Since its 2007 creation, IPRA has investigated nearly 400 civilian shootings by police and found one to be unjustified.
WBEZ asked to interview Ando, promoted last year by Mayor Rahm Emanuel to head the agency. The station also sent Ando’s spokesman questions about sticking points between IPRA investigators and managers, about the agency’s process for overturning investigative findings, and about the reasons the agency had reversed many of Davis’s findings.
The spokesman said there would be no interview and sent this statement: “This is a personnel matter that would be inappropriate to address through the media, though the allegations are baseless and without merit. IPRA is committed to conducting fair, unbiased, objective, thorough and timely investigations of allegations of police misconduct and officer-involved shootings.”
The performance evaluation covered 19 months and concluded that Davis “displays a complete lack of objectivity combined with a clear bias against the police in spite of his own lengthy police career.”
Davis served in the police department for 23 years. As a commander, he headed detective units, the department’s Austin district and, finally, its public-housing unit. He retired from the department in 2004.
“I did not like the direction the police department had taken,” Davis said. “It appeared that officers were doing whatever they wanted to do. The discipline was no longer there.”
After leaving the department, Davis says, he kept thinking about police conduct, especially shootings. Davis, who had a law degree, says he wondered how often the officers really faced life-threatening dangers that would justify deadly force.
“If there are a few bad police officers who have committed some shootings that are unnecessary or bad then it erodes the public’s confidence in all the other police officers out there,” Davis said.
Kelly Patterson, editor of CopBlock.org, said, “Wow. They don’t even try to hide it sometimes” when I shared this story with him, and I couldn’t agree more. Here you finally have someone who’s ‘walked in an officers shoes’ for 23 years and has come to the conclusion that that officers were doing whatever they wanted – including murdering people. Instead of reacting logically, and seeking justice for the wrongful shootings, IPRA top officials determined that Davis’s findings were incorrect and demanded he change them. When he refused they terminated him for having “a clear bias against the police.”

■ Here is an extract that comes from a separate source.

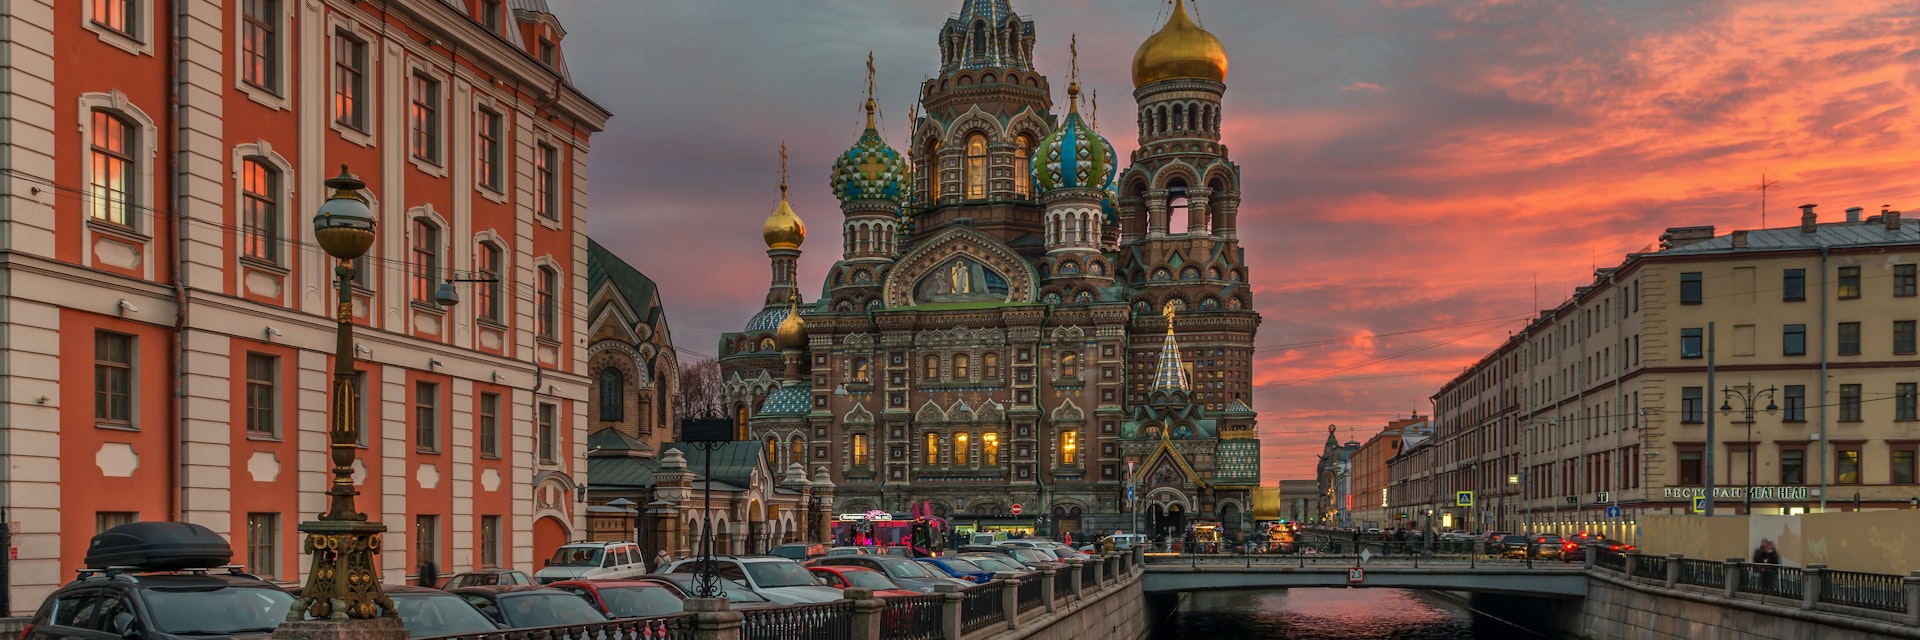 St.Petersburg, Russia.

Seriously, did this story come directly from George Orwell’s, “1984?” Over 400 investigations and only ONE of those was deemed unjustifiable by this committee. It’s obvious that the IPRA is corrupted and are the one’s with a “clear bias.” All I see here is another example of why citizen review boards or committees such as these don’t bring the change or accountability they claim they will. They are filled with former police officers, which creates a revolving door similar to that of lobbyists, that work so closely with those being investigated that there’s really no difference than when cops investigate cops.
The real solution is to end the government’s monopoly on protection and allow cops to provide the service of protection in the free market.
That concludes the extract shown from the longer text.